When we moved here a kama’aina friend redefined hippie for me.

“You’re mistaking a hippie for a dhippie,” she said. “A dhippie is a dirty hippie – they think their “good energy” is all they owe the islands.”

Tracy had been a park ranger for years at Haleakala. From the top of her little vegetarian head to the fringe of her Guatemalan textile skirt, Tracy was a hippie – all 102 pounds of her.

“I tell those dhippies, ‘get a job or help out as a volunteer. Hawai’i has good energy without your leaching the system.’”

Tracy seized the moment to inform all newly arrived hippie kids and dhippies of what was expected of them were they to remain more then three weeks in the islands.

I confess, I have dhippie roots – minus the welfare checks.
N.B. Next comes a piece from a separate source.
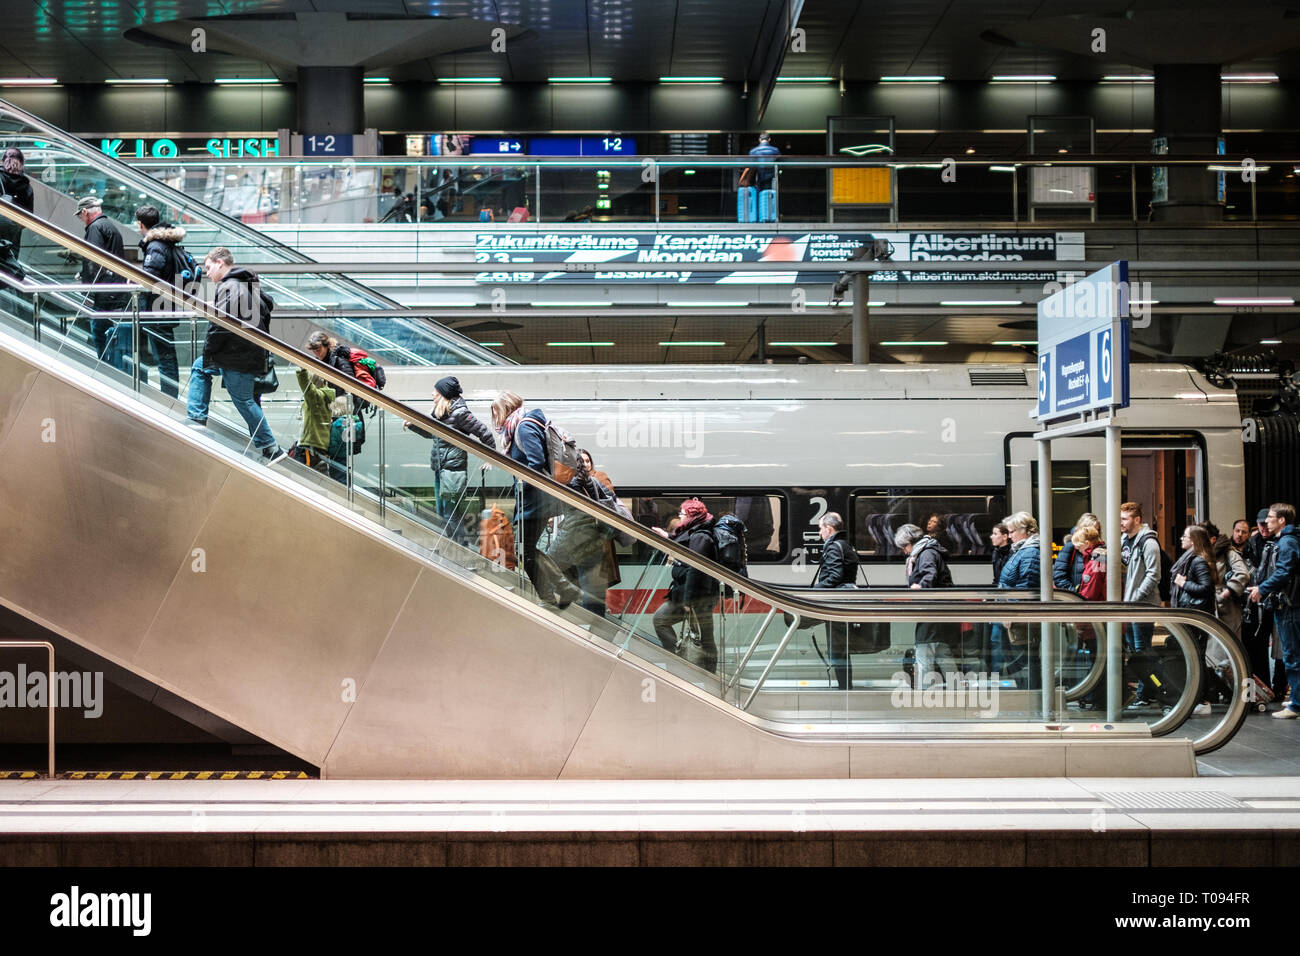 Berlin, Germany - march 2019: People with luggage on escalator inside main train station (Hauptbahnhof) in Berlin, Germany Stock Photo

I grew up in a household where not a single critter was ever rejected – not the king snake my brother caught in the canyon behind our house or the orphan rat from a high school science class. No amount of tape could free me of the fine sheen of cat and dog hair covering my school clothes. There was a poster on our refrigerator door that said, “In your next meal, there’s a cat hair with your name on it.”

There’s a little dhippie in me still, and even though I shave my legs, iron my linen skirts and wear mascara on occasion, I can’t escape my husband’s ribbing when we pass a cute little hippie couple hitching down the highway, “Look Pam, there’s your people.”